Data fetched successfully!
{'bitcoin': {'usd': 114546}, 'ethereum': {'usd': 4141.59}}


# **Transformation**

## **Transform / convert JSON into PySpark-friendly format**

Insight:
- PySpark likes list of dictionaries. So we convert JSON into it.

In [8]:
# Convert JSON to list of dicts
data_list = [{"coin": k, "usd": v["usd"]} for k, v in data.items()]

In [9]:
print(data_list)

[{'coin': 'bitcoin', 'usd': 114546}, {'coin': 'ethereum', 'usd': 4141.59}]


## **Create PySpark DataFrame**

In [10]:
# Create Spark session if not already
#spark = SparkSession.builder.appName("CryptoETL").getOrCreate() -- since I already created above.
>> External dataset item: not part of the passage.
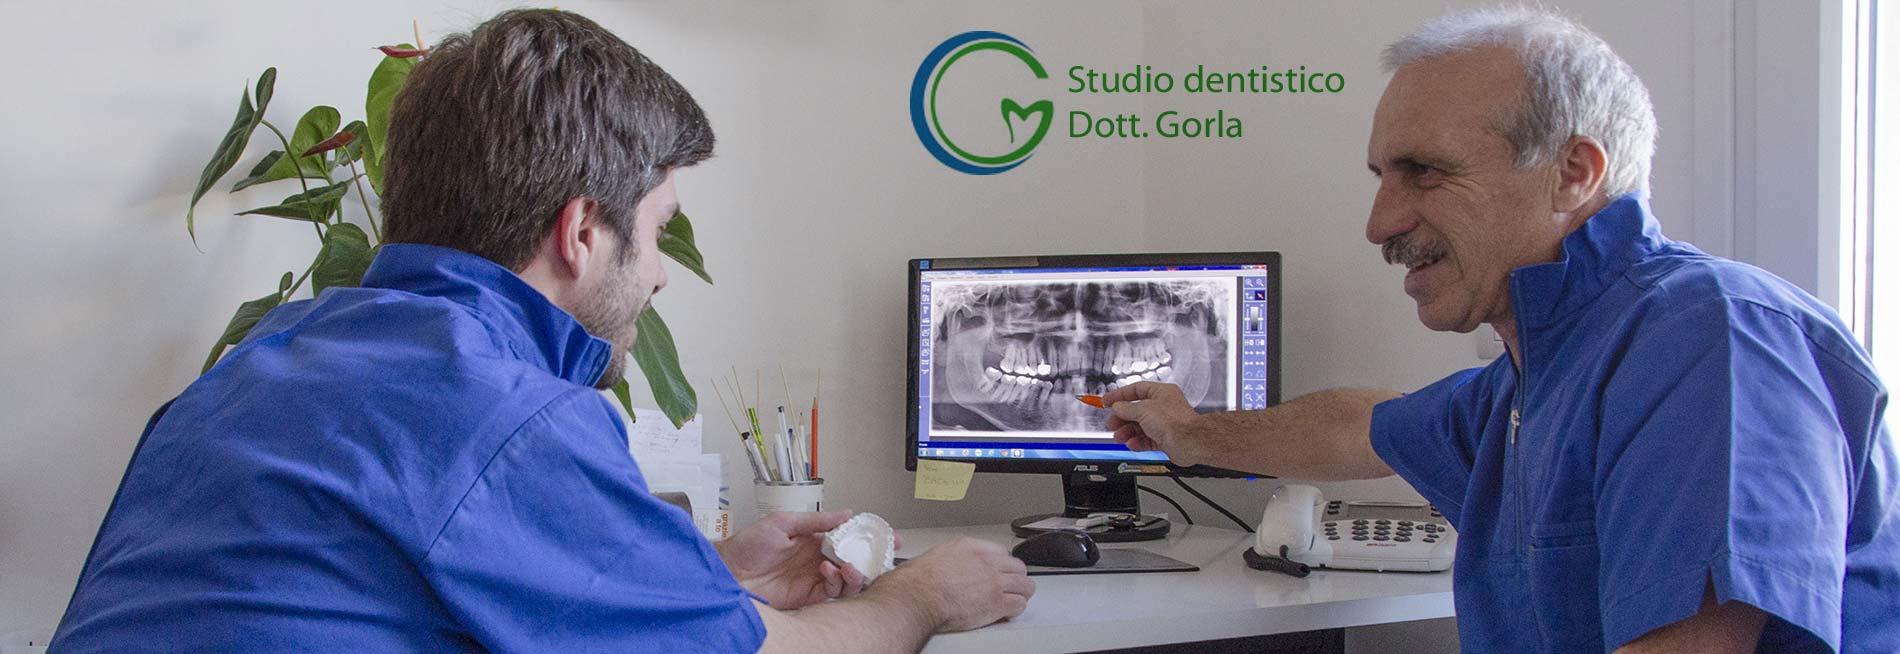 dentista-milano-slide13

# Convert list of dicts to Spark DataFrame
# df = spark.createDataFrame(data_list) -- use this one only for thr below error

PySparkTypeError: [CANNOT_MERGE_TYPE] Can not merge type `LongType` and `DoubleType`.

Insight:
This error is common in PySpark when we try to create a DF from a list of dictionaries but the values in the same column have mixed types — for example:

- Some usd values are integers (LongType)
- Some usd values are floats (DoubleType)

As a result, PySpark cannot automatically merge LongType and DoubleType, so it throws CANNOT_MERGE_TYPE.

## **Fixing Error on Transformation / Convertion Part**

- Fixing error in the transformation / convertion part by ensuring all the usd values are in float.
- then, repeat the step of creating spark dataframe

In [11]:
# Ensure all usd values are float
data_list = [{"coin": k, "usd": float(v["usd"])} for k, v in data.items()]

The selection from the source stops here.